— If you haven’t had enough fun playing around with the Los Angeles Timeswiki-enabled interactive editorial, take a look at John Daniszewski’s dispactch from Tehran about charges of official manipulation in the recent elections … and saying that “[n]ew doubts and divisions have come into view” regarding the Iraq war, Paul Richter tracks conservative North Carolina Rep. Walter Jones Jr. and his shifting stance on Iraq and how that’s playing back home …

The New York Times today seems to be a perfect storm of personal randomness. First, this DCist’s hometown, Grand Rapids, Mich., has been intricately analyzed by John Leland and Jodi Wilgoren in a huge examination of Social Security’s realities out in River City (seen from the beloved Fish Ladder in the photo above we took back in December).
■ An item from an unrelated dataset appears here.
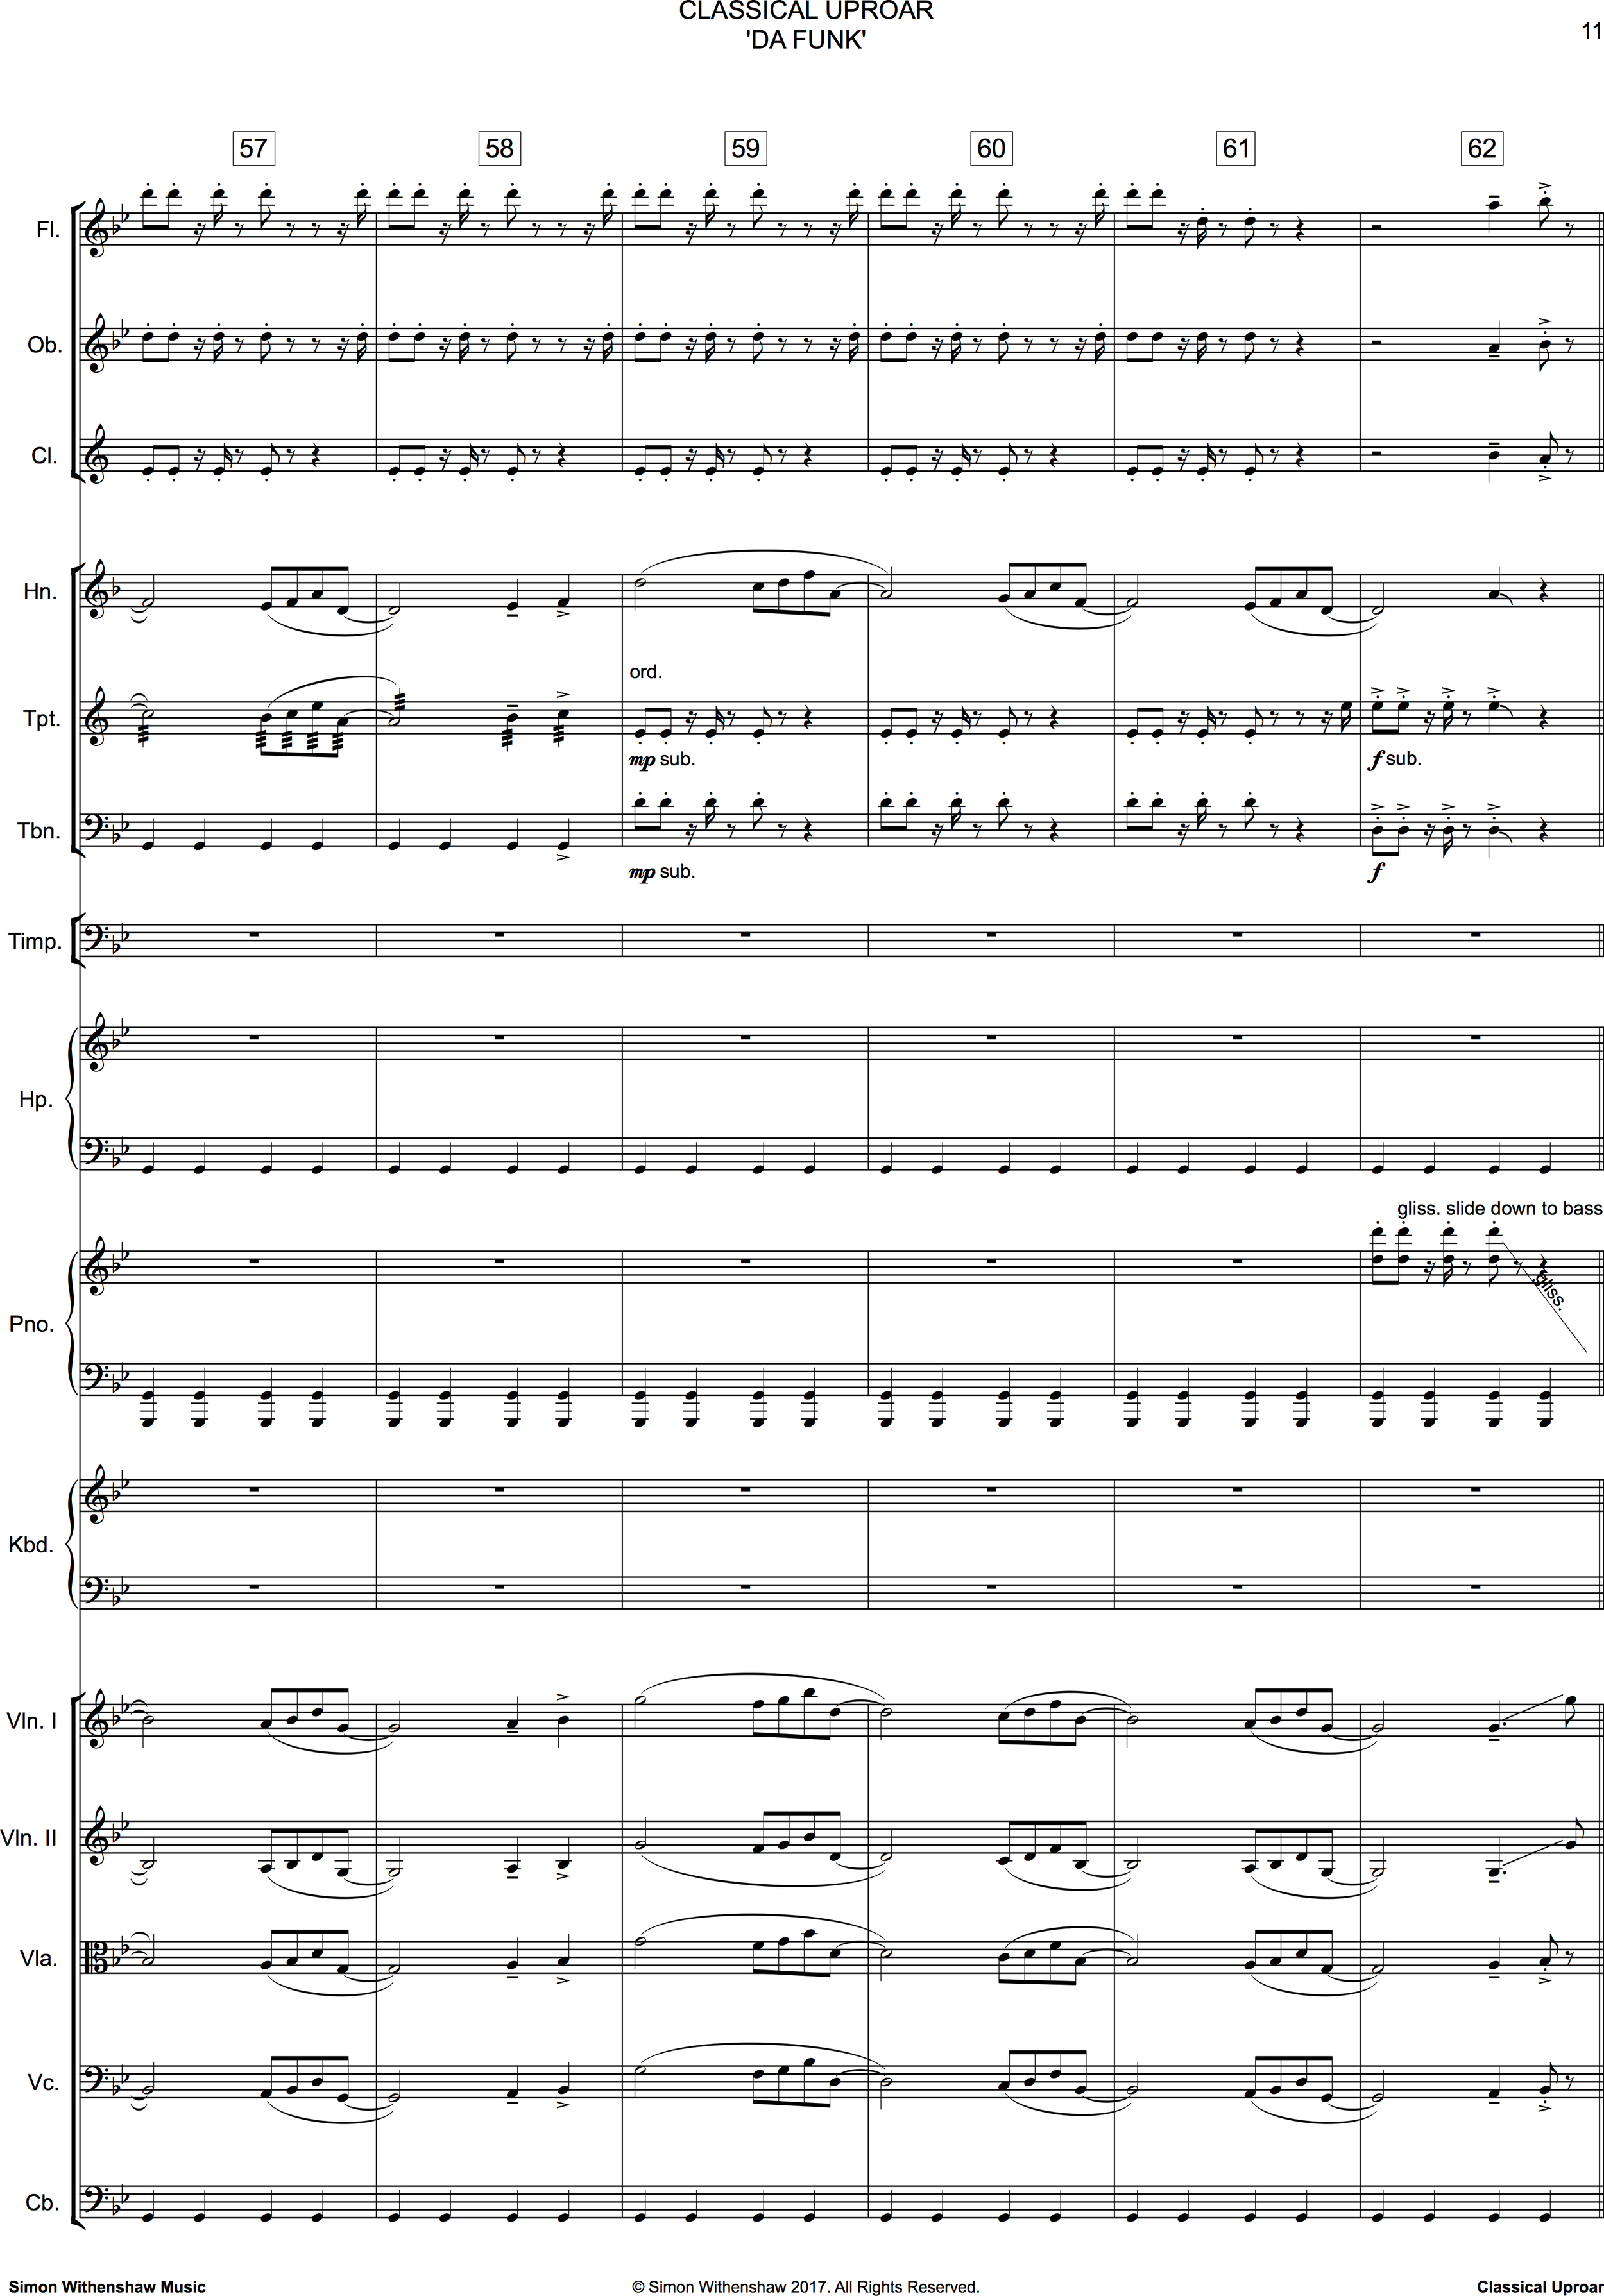 Da Funk - notes_0011.png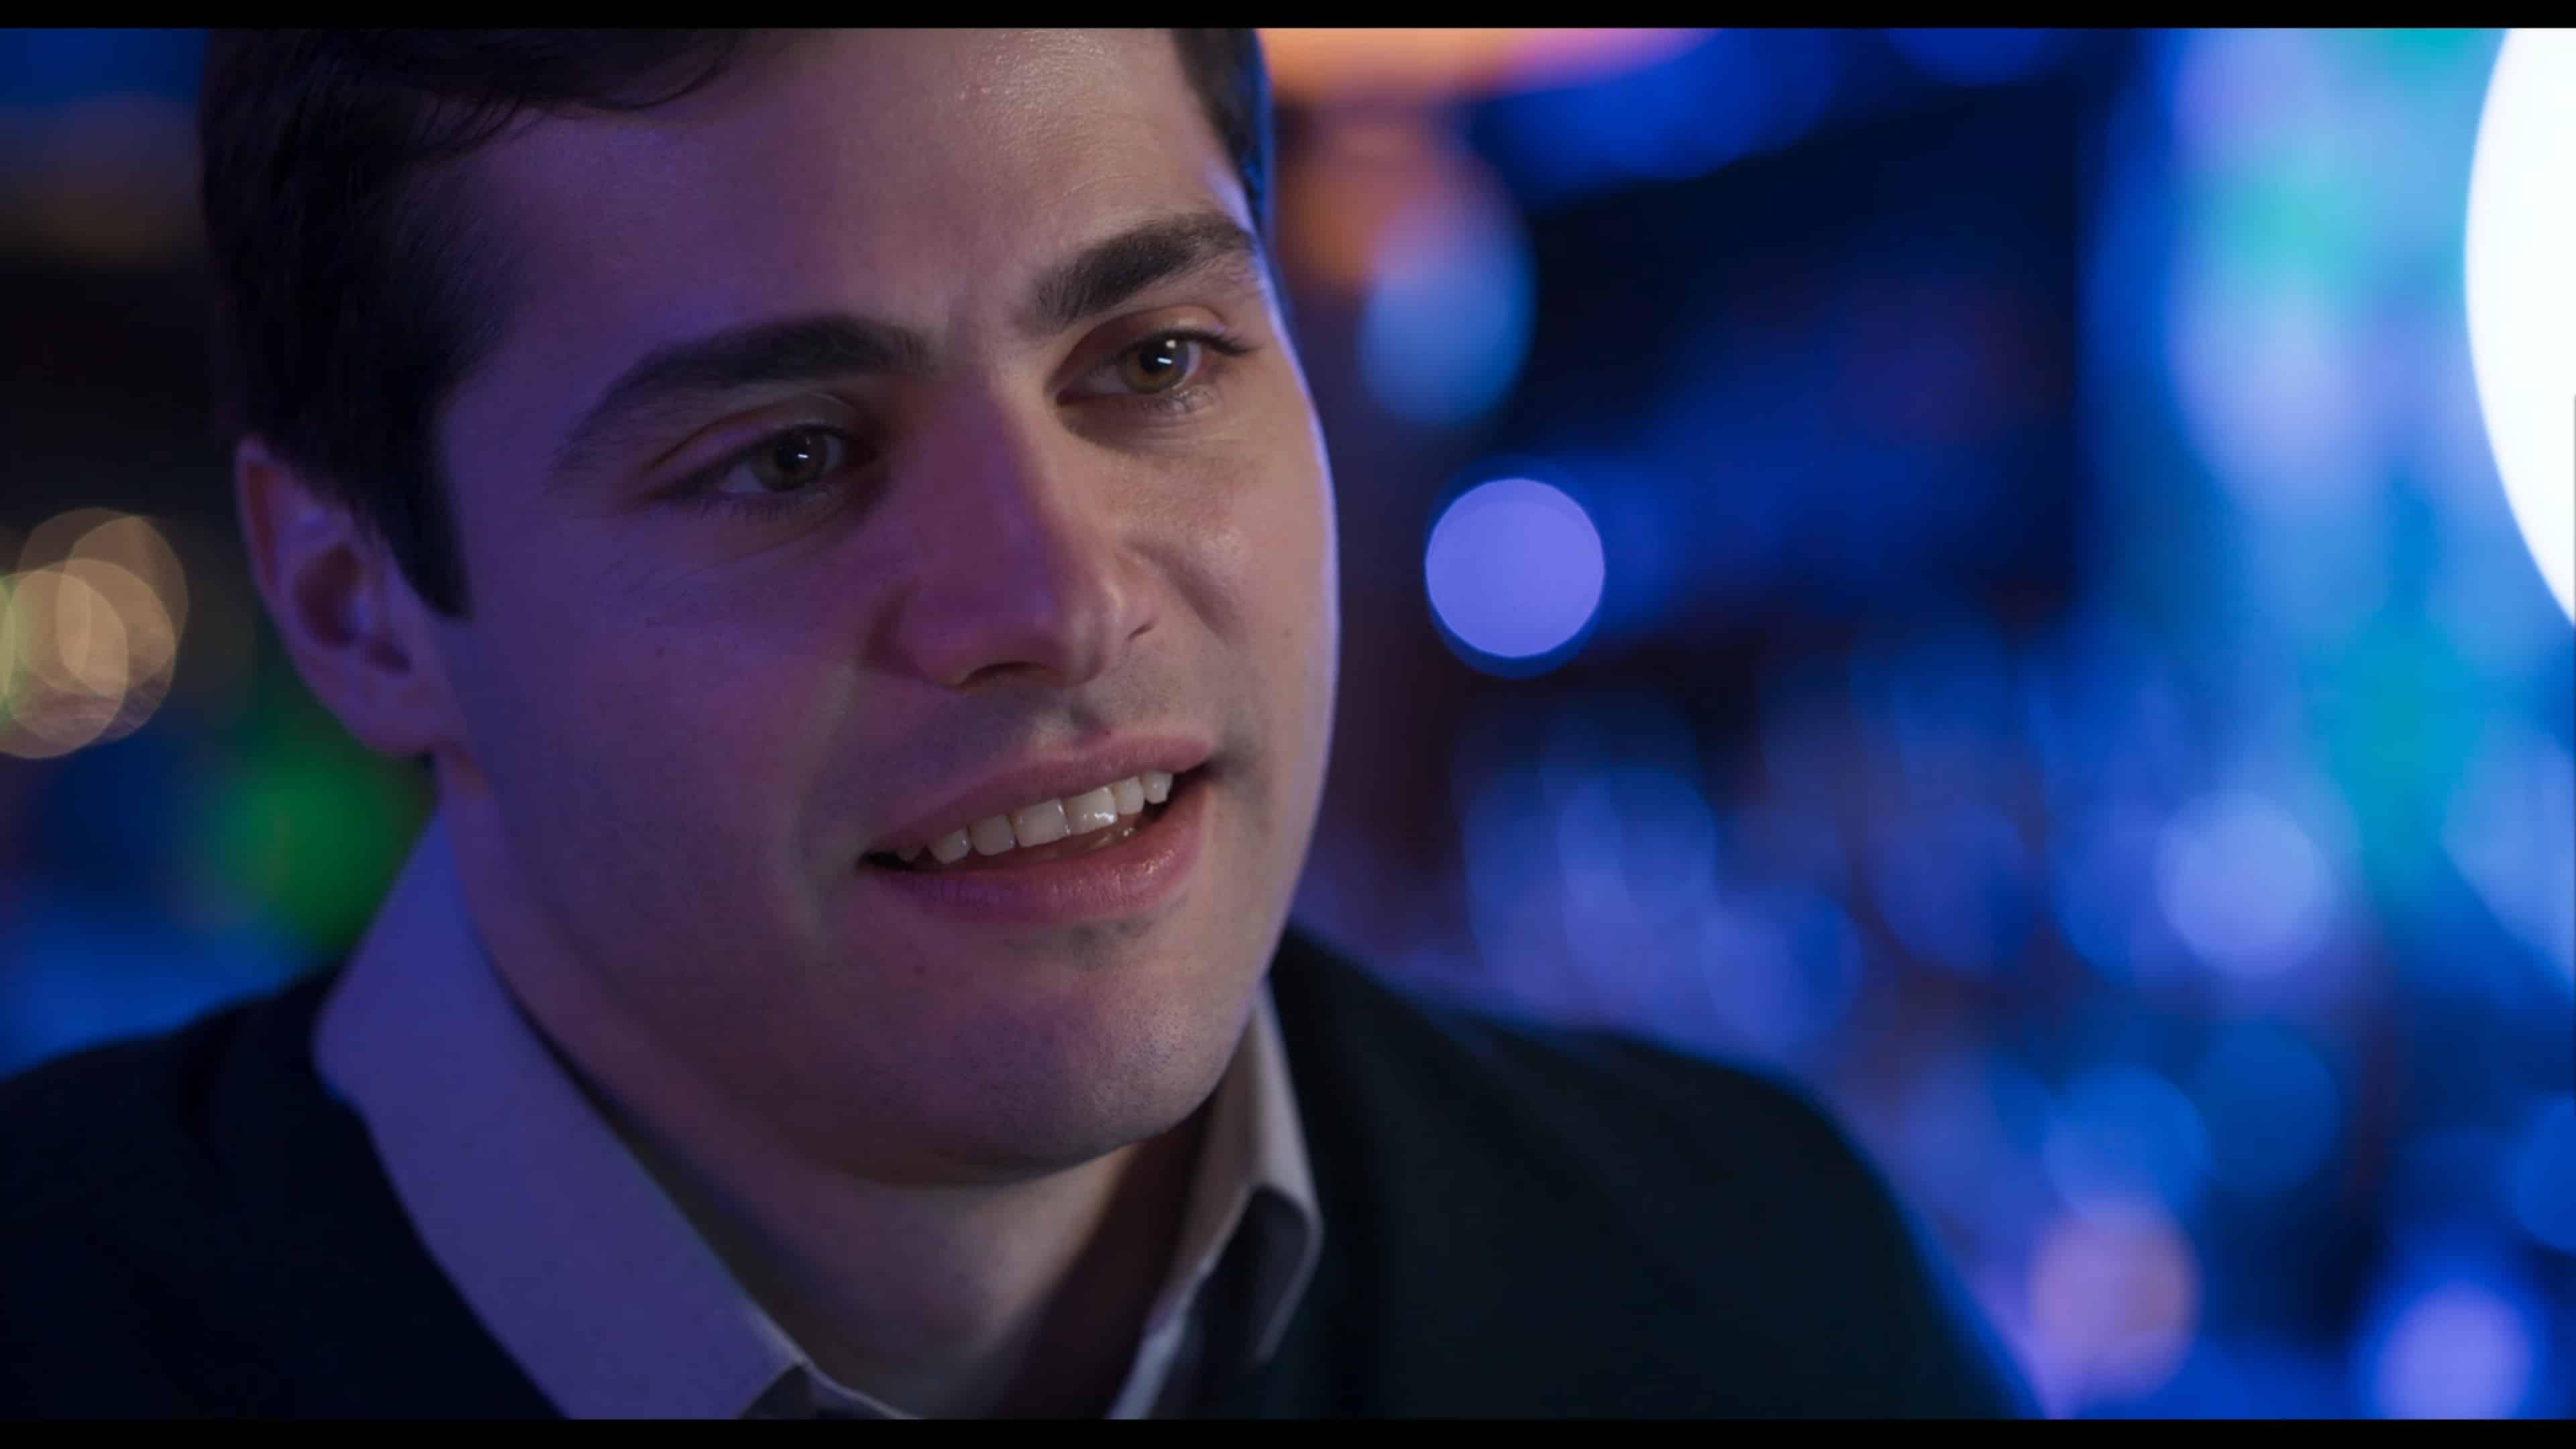 Owen (Matthew Daddario) at a bar, talking to Amy

And then in the City section’s special Brooklyn issue, the blog of DCist’s Jason Linkins was cited in an article about how Queens will never be Brooklyn, written by Jeff VanDam, who we happened to run into at a party last night on T Street, oddly enough.

From DCeiver, via the NYT:

Brooklyn is the new Manhattan. Queens is the New Brooklyn. Staten Island is the Old Staten Island. Islip is the new Long Island City. Hoboken is the new Bethesda.

(Brooklyn’s Grand Army Plaza is pictured here)

Elsewhere, the David Coleman investigates muddled gaydar … Amy Harmon shines light on the real save NPR/PBS e-mail petitions vs. the fake ones that’s been circulating online since 1995 … and Leslie Wayne looks at the Pentagon’s revolving door.